Knowing my own mind…
I kept thinking over the summer that I was going to do a clean bulk for winter, but I just cannot seem to allow myself to do it. I’m so close to my dream goal that I had two years ago that I just can’t let it go. Even if I obtain a large improvement through a bulk for next year, I can’t let go.
My dad always said, "Never resist a temporary inconvenience if it results in a permanent improvement." I use this saying every day to my coworkers and I follow it, but not this time. I think it has a lot to do with fear. Irrational fear, maybe. I guess having been overweight to downright obese most of my life, I am scared to even allow a 10 lb gain even if it’s done clean.

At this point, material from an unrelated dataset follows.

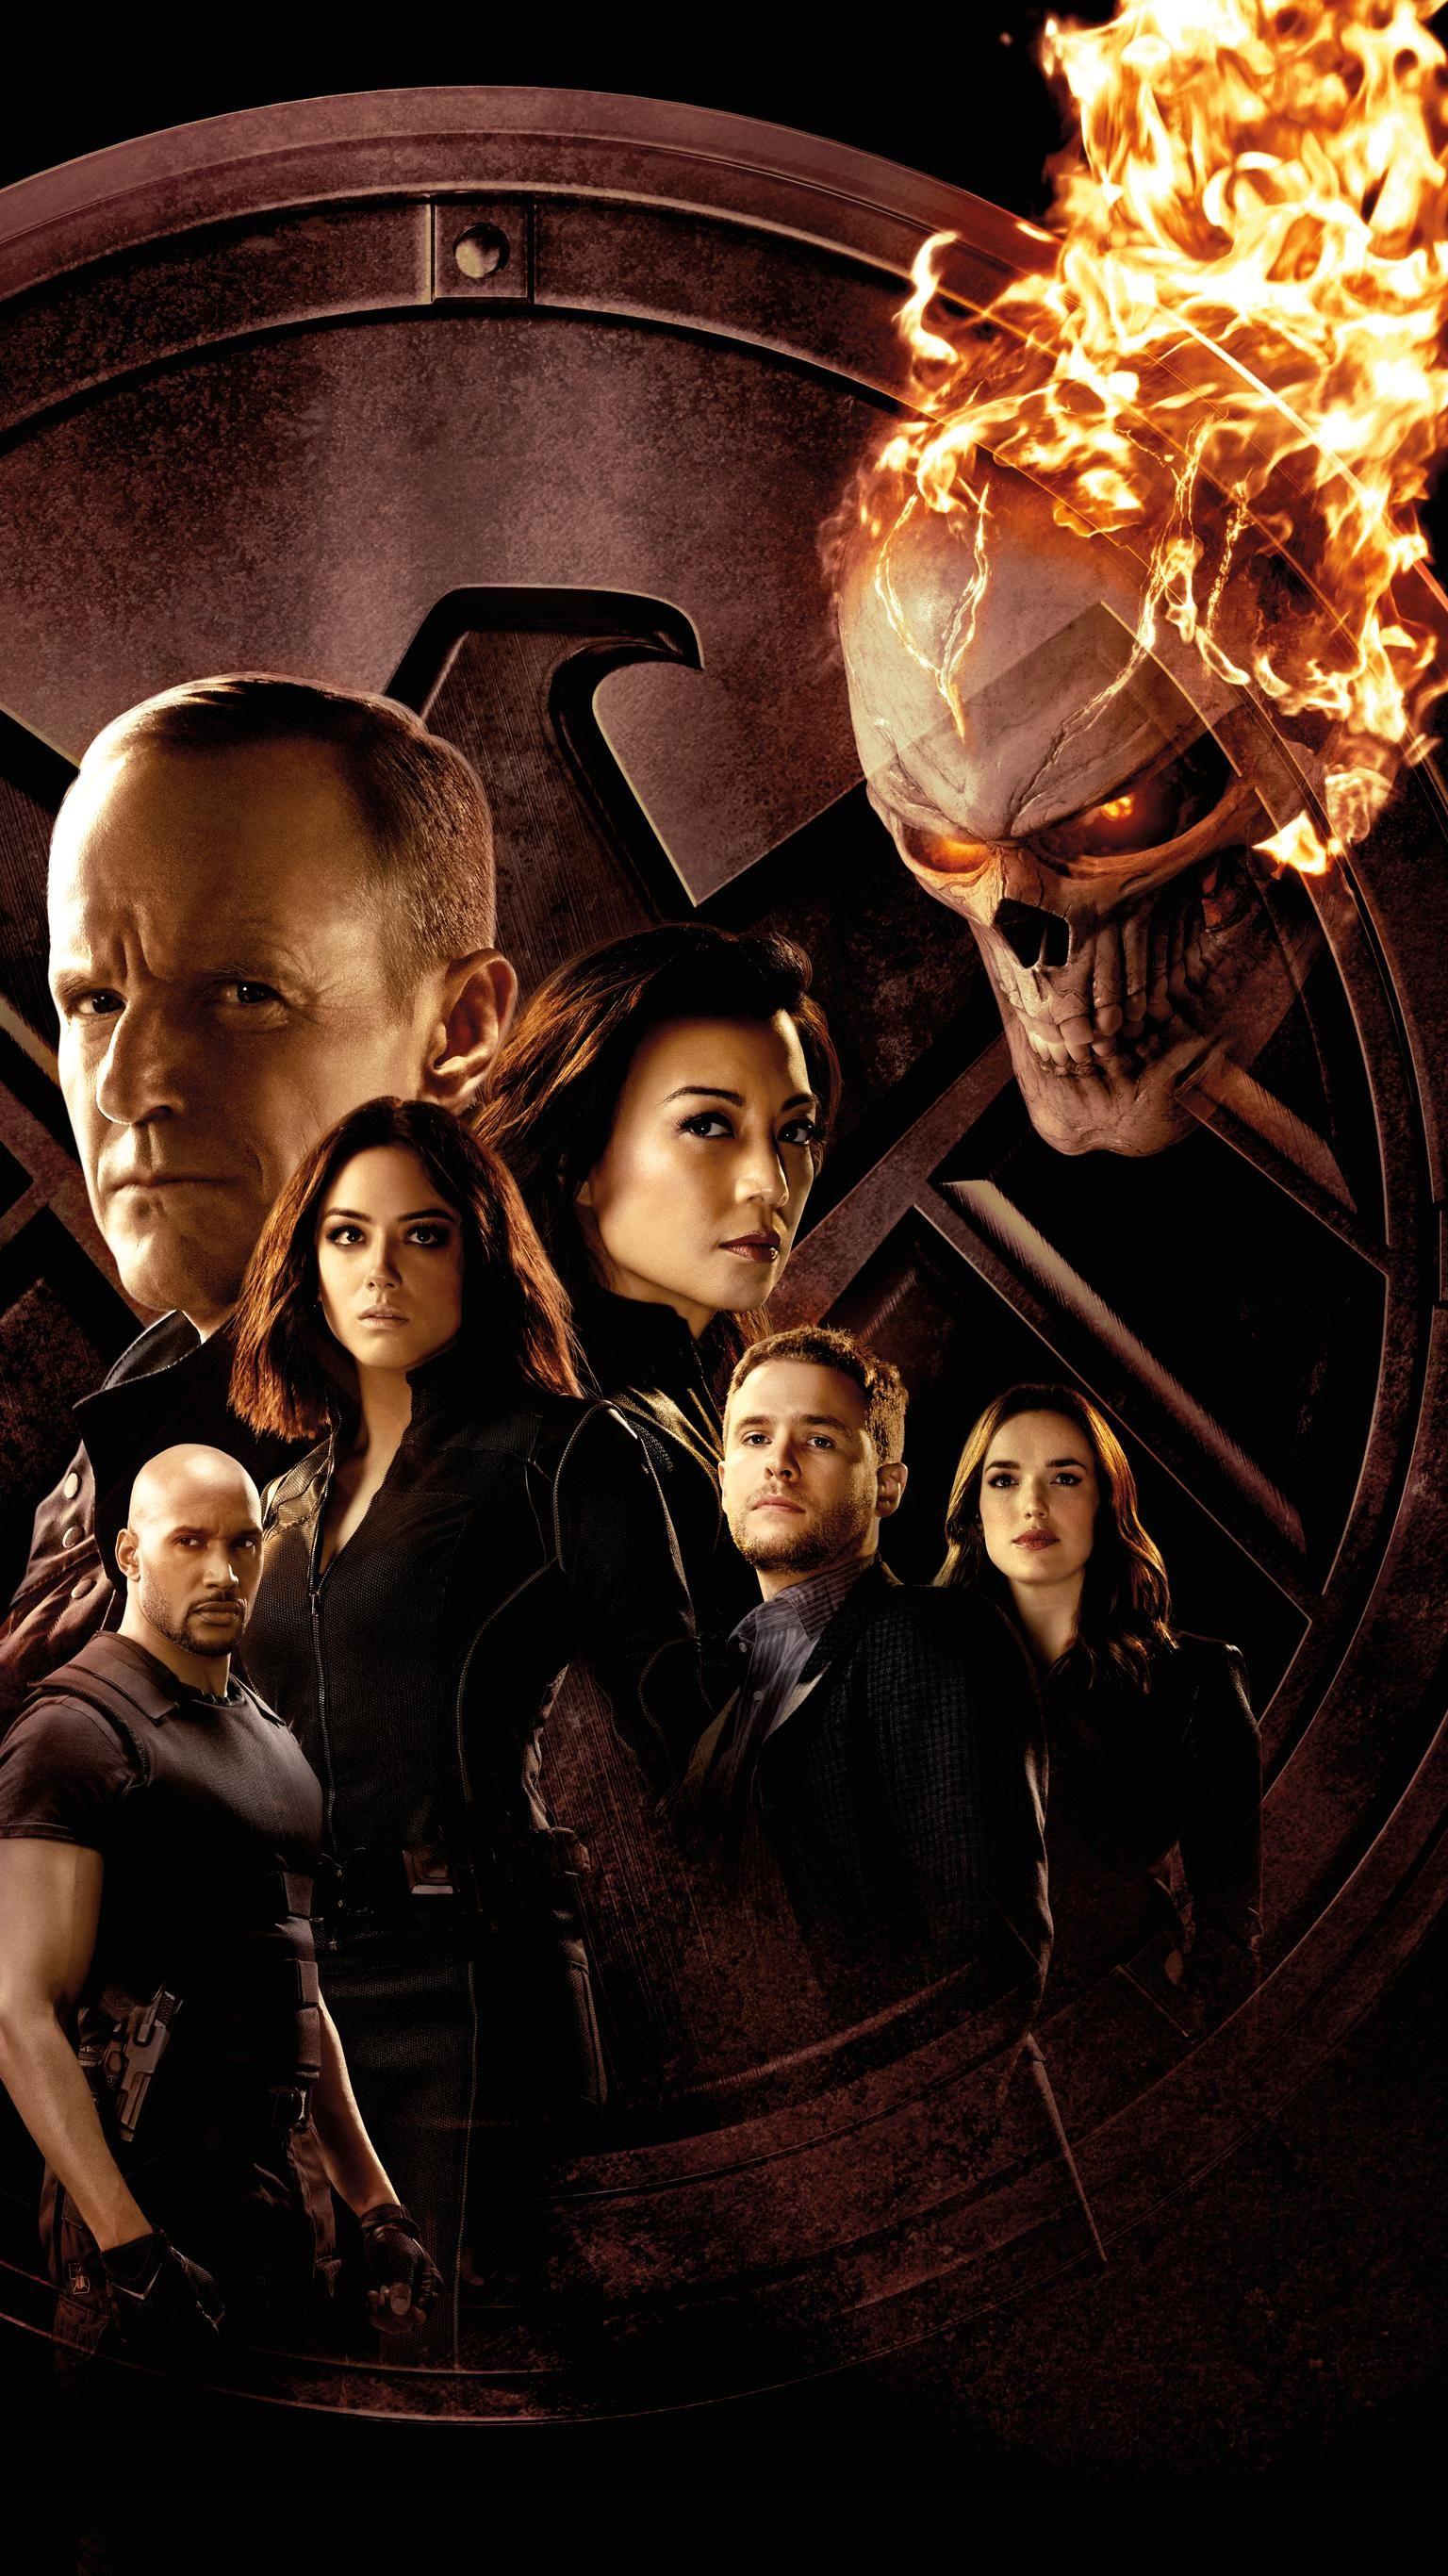 Marvel S Agents Of S H I E L D Phone Wallpaper Moviemania Agents Of Shield Marvels Agents Of Shield Marvel Agents Of Shield

I know deep down that I control my weight. I control my diet. I know I can work off the additional fat, as I have done it before.
So, knowing that my fear is irrational, I am going to proceed with an ultra-slow clean bulk. At least at first. A couple of changes here and there to kind of slowly acclimatize my mind to working with me. Once I get my brain behind this, then I will up the pace slightly.
Other than that, I have had some great workouts lately, but am not seeing much change, but I can feel some changes in the fit of my clothes, so far so good.






September 10, 2008 at 8:52 pm
Jeff, I can see your abs in the photo. It looks to me like you got your goal. what kind of changes are you working towards now? By the way, I am an avid reader of your blog. keep it up!